Entro pochi giorni la composizione del nuovo esecutivo

19 novembre, 20:43

BRUXELLES  - E ora tocca alla Commissione europea. La soluzione del rebus legato all'assegnazione delle due nuove cariche istituite dal Trattato di Lisbona spiana la strada alla composizione del nuovo esecutivo comunitario che dovrebbe entrare in funzione tra fine gennaio-inizio febbraio 2010.

Un compito che dovrà essere svolto nel più breve tempo possibile, a partire da lunedì, dal presidente della Commissione José Manuel Barroso attraverso una ripartizione dei portafogli che riesca ad accontentare le aspirazione di tutti. Ma l'accordo raggiunto dai 27 rilancia anche il confronto sotterraneo per la corsa alle altre alte cariche europee in scadenza, in particolare quelle di presidente dell'Eurogruppo, funzione svolta dal premier lussemburghese Jean Claude Juncker, e di presidente della Banca centrale europea, incarico affidato a Jean Claude Trichet. Su questi fronti, dopo aver visto naufragare la candidatura di Massimo D'Alema per la poltrona di 'ministro degli Esteri' Ue, l'Italia punta a mettere in campo il ministro dell'Economia Giulio Tremonti per l'Eurogruppo e il governatore della Banca d'Italia Mario Draghi per la Bce. I due incarichi dovranno essere rinnovati nel 2011 e la concorrenza è forte. Parigi, che ha evitato di partecipare alla corsa alle due nuove poltrone Ue sembra al momento fermamente intenzionata a piazzare l'attuale ministro delle Finanze, Chritine Lagard alla guida dell'organismo che raccoglie i suoi colleghi dei Paesi dell'eurozona.

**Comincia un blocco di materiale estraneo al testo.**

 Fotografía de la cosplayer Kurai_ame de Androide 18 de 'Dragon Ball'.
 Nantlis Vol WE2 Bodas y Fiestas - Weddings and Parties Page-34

E il governo di Angela Merkel, anch'esso rimasto fuori dalla spartizione delle due maxi poltrone, mira ad assicurarsi la presidenza della Bce con un candidato di ferro: l'attuale presidente della Bundesbank Alex Weber. Nei prossimi giorni però la partita si giocherà sulla ripartizione degli incarichi all'interno della Commissione europea. Gli inglesi dovranno accontentarsi di Catherine Ashton, poiché la carica di ministro degli Esteri è associata a quella di vicepresidente dell'esecutivo e i posti a disposizione sono uno per ciascun Paese. Tra gli altri 'grandi', la Francia, con Michel Barnier, dovrebbe ottenere il portafoglio del mercato unico, integrato dalle competenze per la regolamentazione dei mercati finanziari. La Germania, che ha designato il governatore del Banden-Wuerttemberg Guenther Oettinger, punta al nuovo portafoglio clima-energia e la Spagna, con Joaquin Almunia, dovrebbe tenere gli affari economici e monetari. L'Italia dovrebbe mantenere il portafoglio dei trasporti con l'aggiunta del settore aerospaziale. E confermare a questo punto Antonio Tajani nel suo incarico.